Lighting is linked to tonality and contrast: direct lighting produces harsh shadows and flat images for subjects in the frame that are perpendicular to the camera; diffuse lighting produces nice textures and gentle gradients. If you’re not shooting with studio lights, you might not always be able to control this; but you do have control over when and where you shoot, which of course affects the quality of the lighting. Some photographers are nocturnal, for instance. Others choose to always use direct flash in daylight – Bruce Gilden, for example.

Focal point/ depth of field
How much of the image is in focus? Granted, sometimes this is linked to the perspective because of optical limitations, but there are ways around that – fast ultrawides for DSLRs give a telephoto-like separation of subject from background, but with exaggerated perspective; similarly, small sensor super zoom cameras will let you achieve compression but also short hyperfocal distances.

This is a tricky one to define: how close is the image to reality?
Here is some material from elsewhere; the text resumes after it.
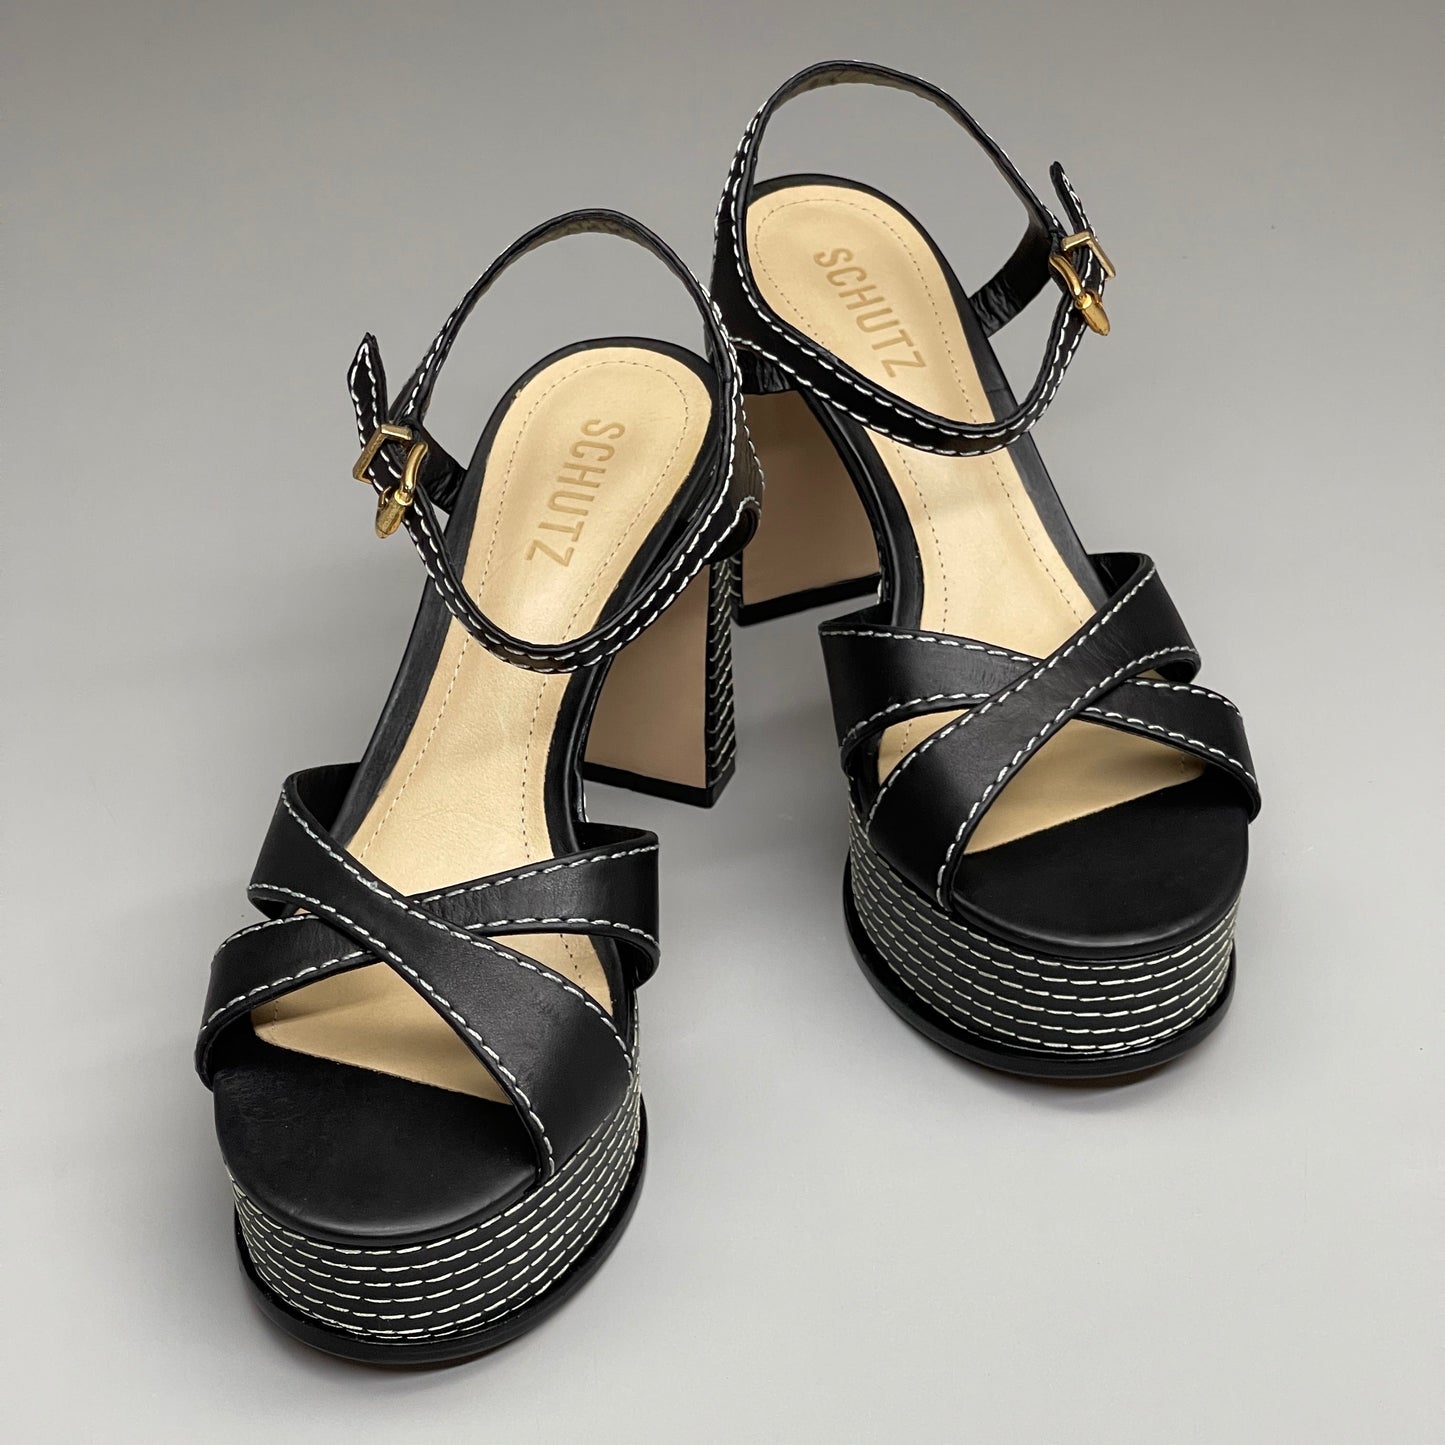 SCHUTZ Keefa Casual Women's Leather Sandal Black Platform 4" Heel Shoes Sz 5.5B (New)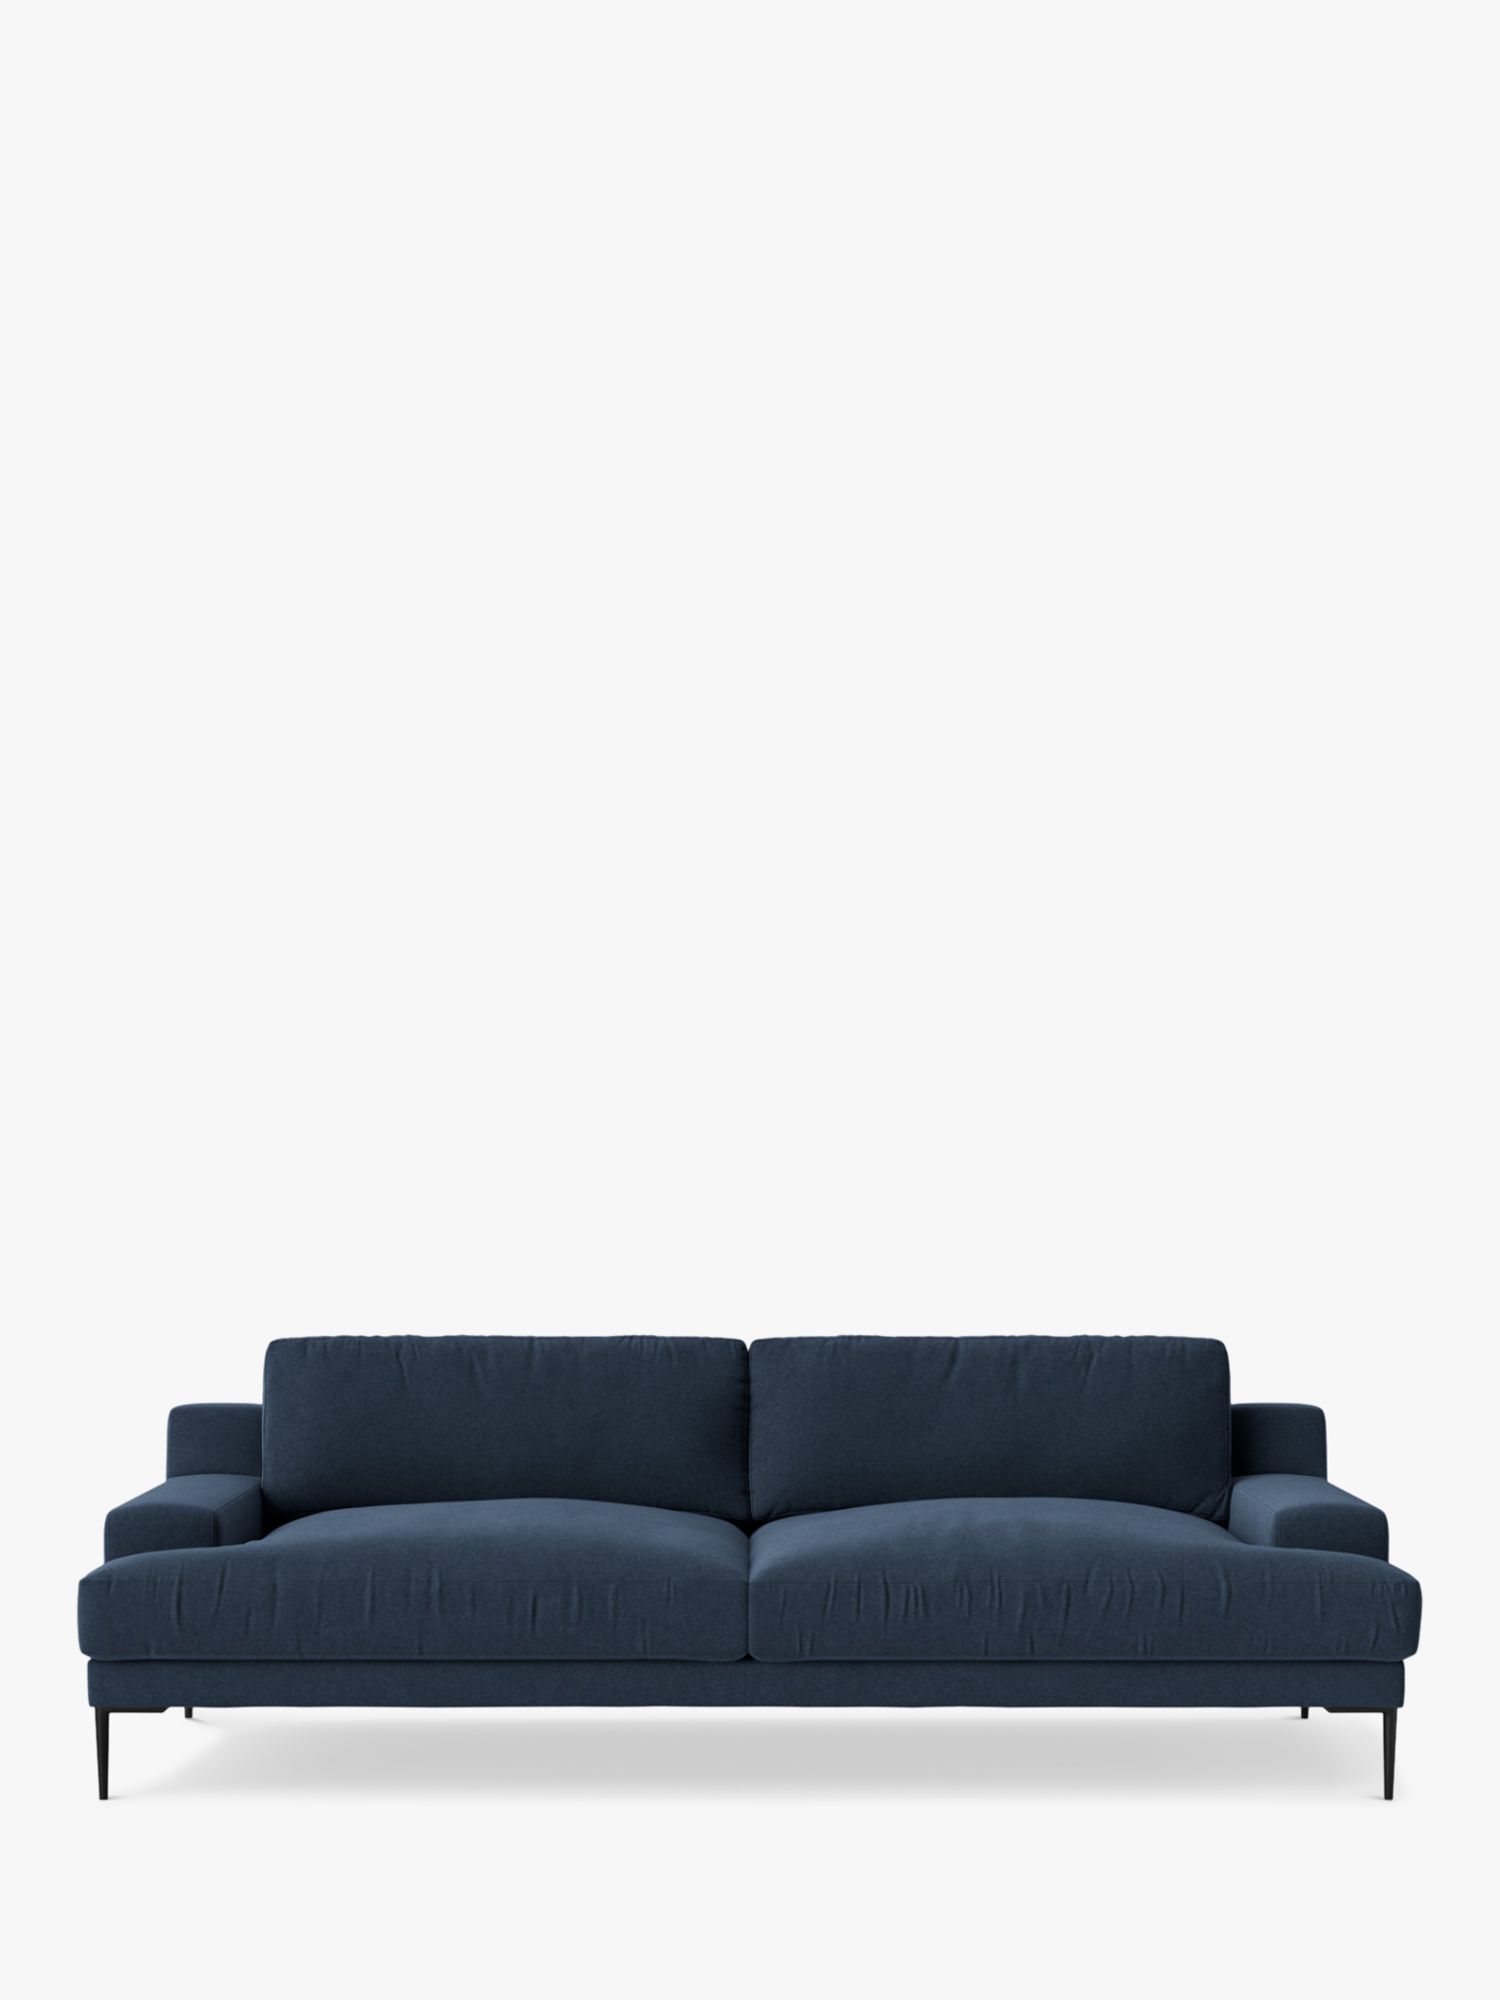 Almera Range, Swoon Almera Large 3 Seater Sofa, Metal Leg, Smart Wool Indigo

Is it a feasible scene, which you could happen upon with your naked eyes, or is it something that’s been so heavily photoshopped that you can’t tell between what was shot with a camera or created with a Wacom tablet? I’d put HDR imaging somewhere on this spectrum, too. It isn’t reality, but HDR can be used properly to actually create more natural looking results (to be the subject of a future article).

We end with the broadest possibility of all: anything open to the creativity of the photographer. Some photographers leave a little in-joke in frame; others have a particularly distinctive way of retouching; others may only shoot one particular subject. I deliberately haven’t put subject in as a component of style, because it’s possible to shoot the same subject in many different styles – and this wouldn’t be consistent.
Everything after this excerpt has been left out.